I’m a hood nigga, I know why they love me (Uh)
– Ben bir hood zenciyim, beni neden sevdiklerini biliyorum (Uh)
I’m on some underground shit, just like the subway (Uh huh)
– Metroda olduğu gibi bazı yeraltı boklarındayım (Uh huh)
Battle niggas in the streets and murder
– Sokaklarda zencilerle savaş ve öldür
Whoever you brought on this fucking stage
– Bu lanet sahneye kimi getirdiysen
I’m the fucking plague, I’m global warming
– Ben lanet bir vebayım, küresel ısınıyorum
I’m the Ebola virus, my niggas is pirates
– Ben Ebola virüsüyüm, zencilerim korsanlar
Prepare for violence, silence (Yeah!)
– Şiddete hazırlanın, sessizlik (Evet!)
How many times you been behind the wall? None
– Duvarın arkasında kaç kez kaldın? Hiçbiri
You either snitching or lying about the shit you done
– Ya muhbirlik yoksa bu iş yalan mı yaptın
You ain’t never move a brick ‘less you was building a house
– Bir tuğlayı asla hareket ettiremezsin, daha az bir ev inşa ediyordun
You ain’t never put a nigga out with the gun in his mouth
– Ağzında silah olan bir zenciyi asla dışarı çıkaramazsın.
Only thing you ever shot was pool
– Vurduğun tek şey havuzdu.
Only thing you ever cut was class
– Kestiğin tek şey dersti.
Y’all niggas is ass (What?) (Woo)
– Hepiniz zenciler eşek (ne?) (Kur yapmak)
Open up my window again (Yeah)
– Penceremi tekrar aç (Evet)
Open up my window again (Yeah)
– Penceremi tekrar aç (Evet)
I can hear death calling my name (It’s calling)
– Ölümün adımı çağırdığını duyabiliyorum (çağırıyor)
I can hear death calling my name (It’s calling)
– Ölümün adımı çağırdığını duyabiliyorum (çağırıyor)
I swear to God things ain’t gon change (Change)
– Yemin ederim işler değişmeyecek (değişim)
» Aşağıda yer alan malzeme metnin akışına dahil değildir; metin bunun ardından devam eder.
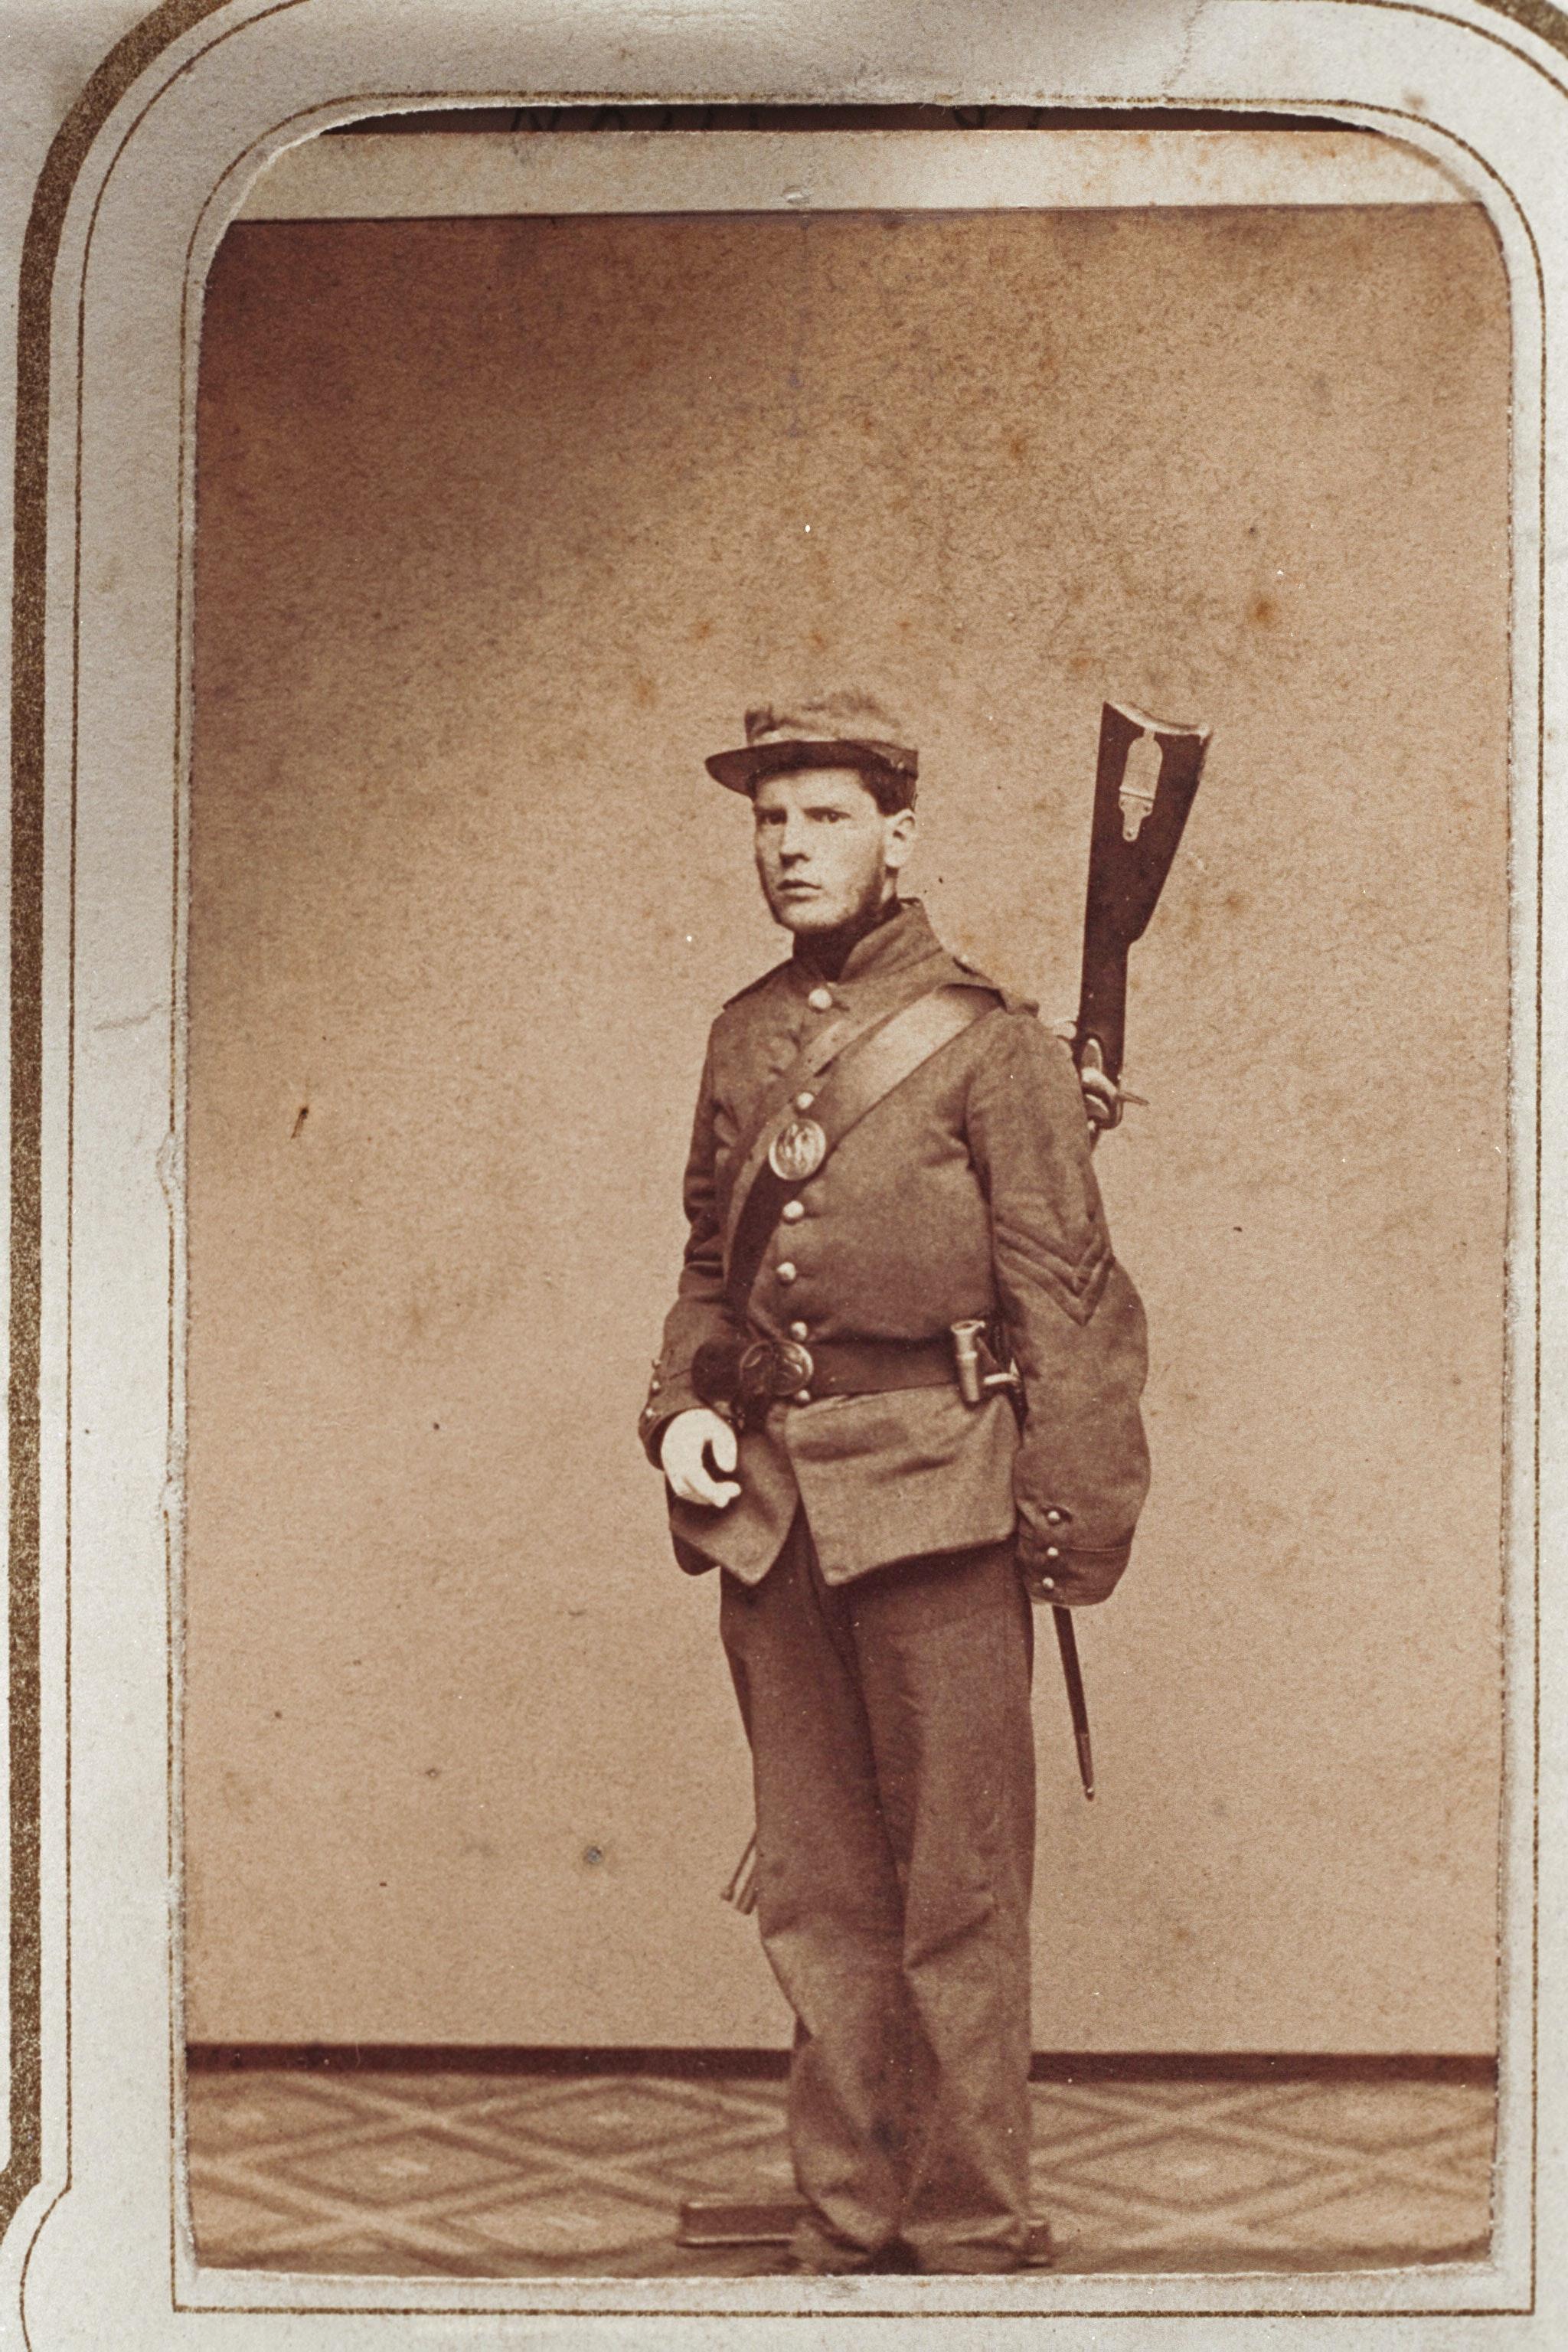 Fred Stowe in uniform

I swear to God things ain’t gon change (Change)
– Yemin ederim işler değişmeyecek (değişim)
I keep a revolver wit’ your name (Yeah)
– Senin isminle bir tabanca tutuyorum (Evet)
I keep a revolver wit’ your name, just in case
– Her ihtimale karşı, senin isminle bir tabanca tutuyorum.
Godfather of Harlem Feat. Swizz Beatz, Rick Ross & DMX – Just in Case İngilizce Sözleri Türkçe Anlamları
yazarı:
Etiketler:
Bir yanıt yazın
Yorum yapabilmek için oturum açmalısınız.